### WHAT IS BEING ASKED
All entries below are to be set down again, identical to the source.

#####

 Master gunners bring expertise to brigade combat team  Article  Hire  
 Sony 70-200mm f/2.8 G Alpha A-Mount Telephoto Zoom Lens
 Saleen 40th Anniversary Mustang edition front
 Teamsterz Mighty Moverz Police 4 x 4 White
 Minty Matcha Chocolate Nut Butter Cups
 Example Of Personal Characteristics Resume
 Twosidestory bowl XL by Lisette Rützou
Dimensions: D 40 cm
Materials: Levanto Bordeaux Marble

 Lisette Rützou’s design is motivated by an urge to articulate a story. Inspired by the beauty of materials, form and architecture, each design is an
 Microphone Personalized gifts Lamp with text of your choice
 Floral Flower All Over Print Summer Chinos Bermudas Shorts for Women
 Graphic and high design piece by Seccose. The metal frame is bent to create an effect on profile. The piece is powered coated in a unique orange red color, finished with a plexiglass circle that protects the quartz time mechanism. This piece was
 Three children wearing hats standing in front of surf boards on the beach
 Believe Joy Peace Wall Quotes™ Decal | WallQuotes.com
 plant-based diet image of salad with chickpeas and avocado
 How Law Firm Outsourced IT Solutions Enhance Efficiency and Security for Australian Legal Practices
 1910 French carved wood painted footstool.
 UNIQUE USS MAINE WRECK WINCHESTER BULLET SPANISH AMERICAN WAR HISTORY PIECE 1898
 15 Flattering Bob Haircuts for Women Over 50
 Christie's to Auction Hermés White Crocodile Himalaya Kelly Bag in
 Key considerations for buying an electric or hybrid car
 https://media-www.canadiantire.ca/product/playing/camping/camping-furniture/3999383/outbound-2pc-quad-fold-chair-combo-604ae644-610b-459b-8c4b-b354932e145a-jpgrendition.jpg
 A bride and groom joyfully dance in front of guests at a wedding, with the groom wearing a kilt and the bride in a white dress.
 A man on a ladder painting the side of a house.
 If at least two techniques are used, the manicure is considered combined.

#####

### EXERCISE SOLUTION
 Master gunners bring expertise to brigade combat team  Article  Hire  
 Sony 70-200mm f/2.8 G Alpha A-Mount Telephoto Zoom Lens
 Saleen 40th Anniversary Mustang edition front
 Teamsterz Mighty Moverz Police 4 x 4 White
 Minty Matcha Chocolate Nut Butter Cups
 Example Of Personal Characteristics Resume
 Twosidestory bowl XL by Lisette Rützou
Dimensions: D 40 cm
Materials: Levanto Bordeaux Marble

 Lisette Rützou’s design is motivated by an urge to articulate a story. Inspired by the beauty of materials, form and architecture, each design is an
 Microphone Personalized gifts Lamp with text of your choice
 Floral Flower All Over Print Summer Chinos Bermudas Shorts for Women
 Graphic and high design piece by Seccose. The metal frame is bent to create an effect on profile. The piece is powered coated in a unique orange red color, finished with a plexiglass circle that protects the quartz time mechanism. This piece was
 Three children wearing hats standing in front of surf boards on the beach
 Believe Joy Peace Wall Quotes™ Decal | WallQuotes.com
 plant-based diet image of salad with chickpeas and avocado
 How Law Firm Outsourced IT Solutions Enhance Efficiency and Security for Australian Legal Practices
 1910 French carved wood painted footstool.
 UNIQUE USS MAINE WRECK WINCHESTER BULLET SPANISH AMERICAN WAR HISTORY PIECE 1898
 15 Flattering Bob Haircuts for Women Over 50
 Christie's to Auction Hermés White Crocodile Himalaya Kelly Bag in
 Key considerations for buying an electric or hybrid car
 https://media-www.canadiantire.ca/product/playing/camping/camping-furniture/3999383/outbound-2pc-quad-fold-chair-combo-604ae644-610b-459b-8c4b-b354932e145a-jpgrendition.jpg
 A bride and groom joyfully dance in front of guests at a wedding, with the groom wearing a kilt and the bride in a white dress.
 A man on a ladder painting the side of a house.
 If at least two techniques are used, the manicure is considered combined.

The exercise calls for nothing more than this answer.